▶ _TASK DIRECTIONS_: Would you repeat the listing below exactly, with no pictures in it?

▶ _RECORDED DATA_:
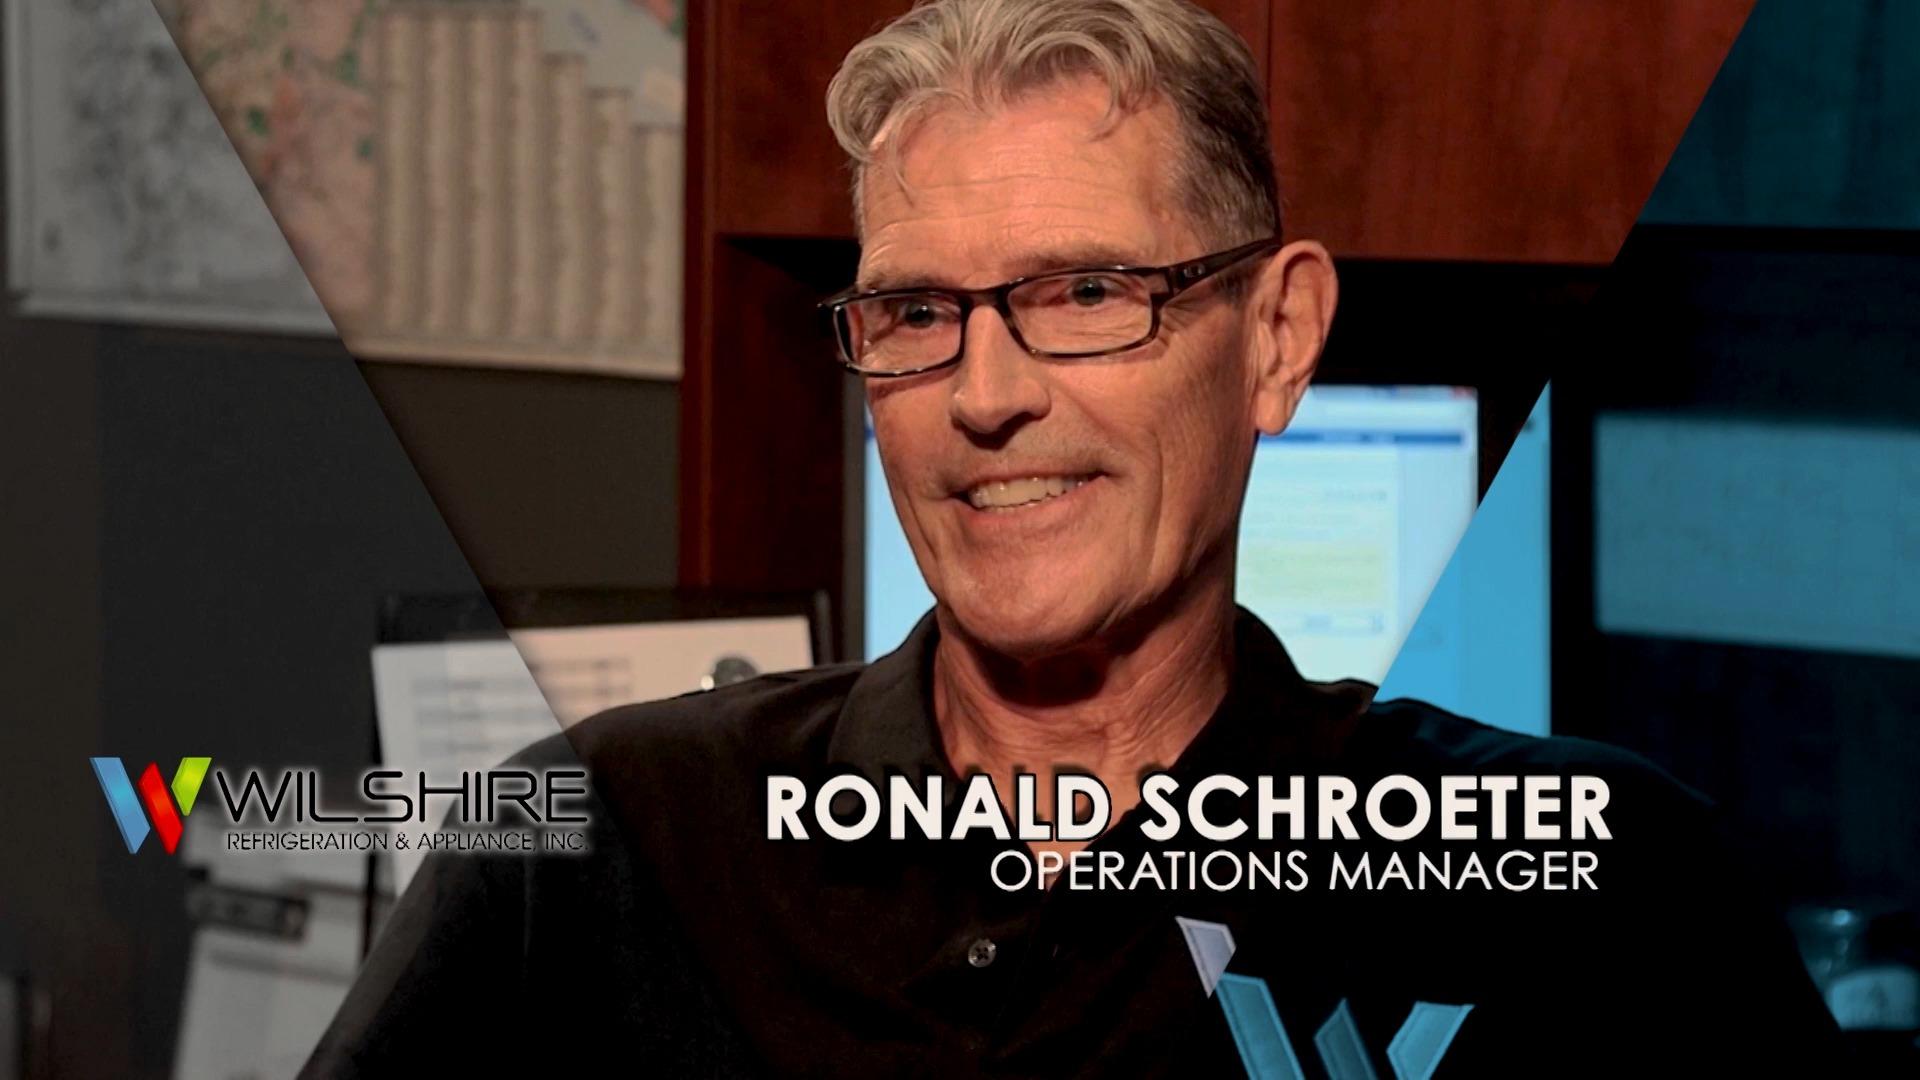 Robert Schroeter
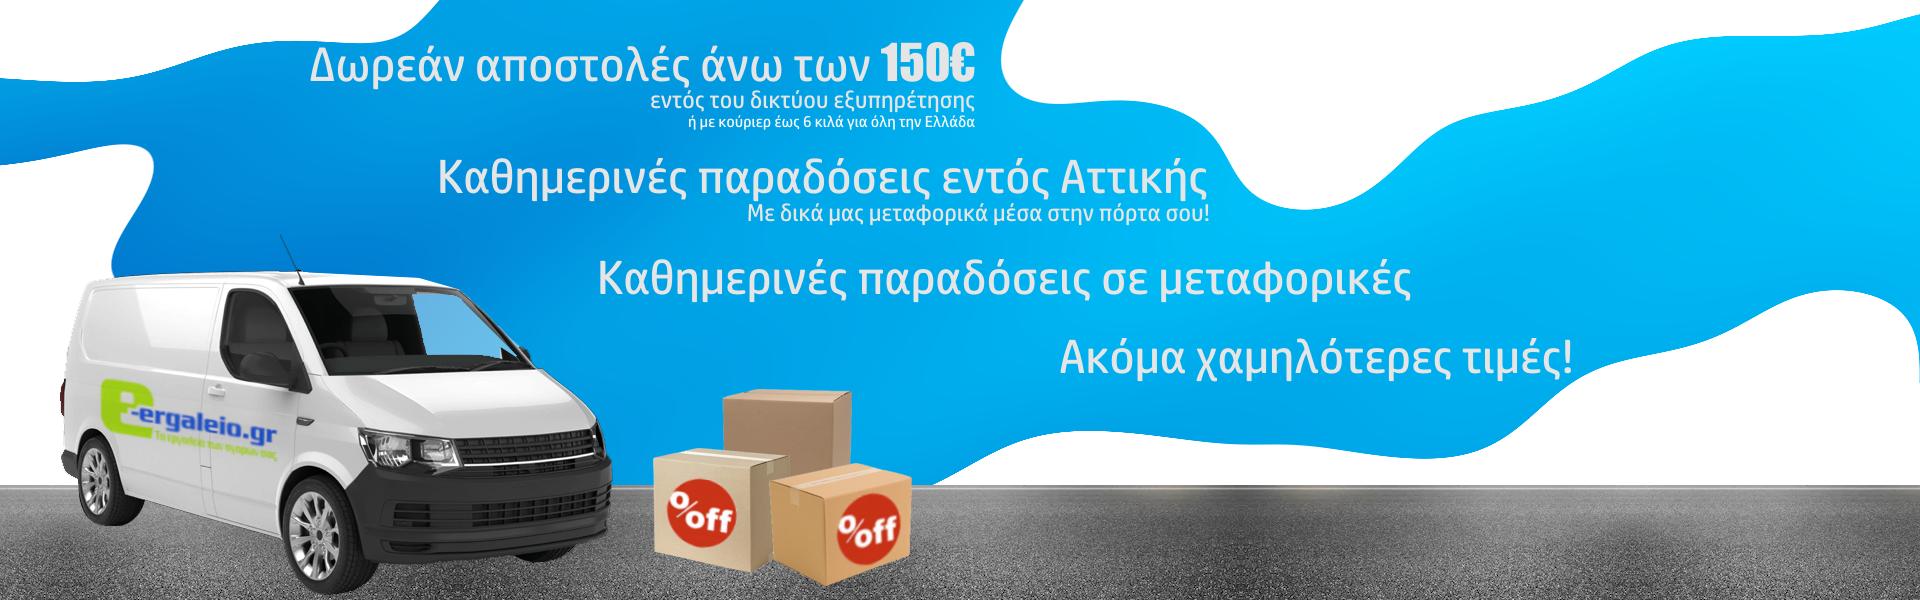 Δωρεάν αποστολές ανω τω 150€ - Καθημερινές παραδόσεις!
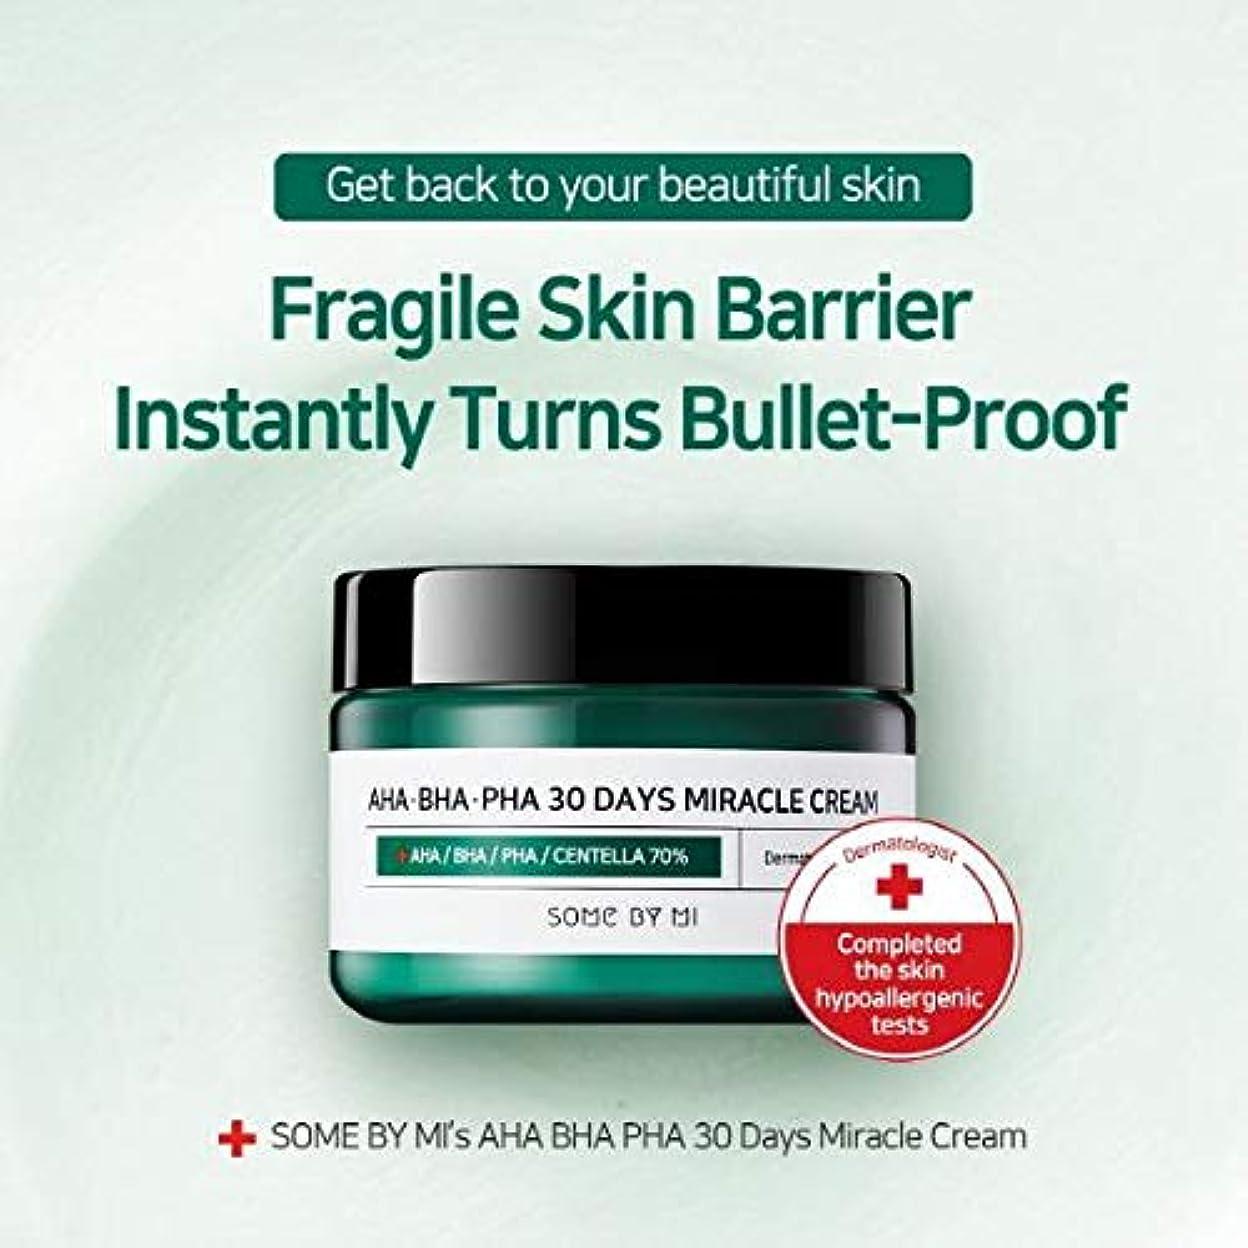 つぶす石の飲料Somebymi AHA BHA PHA Miracle Cream 50ml (1.7oz) Skin Barrier & Recovery, Soothing with Tea Tree 10,000ppm for Wrinkle & Whitening/Korea Cosmetics [並行輸入品]

▶ _EXERCISE OUTPUT_:
 Robert Schroeter
 Δωρεάν αποστολές ανω τω 150€ - Καθημερινές παραδόσεις!
 つぶす石の飲料Somebymi AHA BHA PHA Miracle Cream 50ml (1.7oz) Skin Barrier & Recovery, Soothing with Tea Tree 10,000ppm for Wrinkle & Whitening/Korea Cosmetics [並行輸入品]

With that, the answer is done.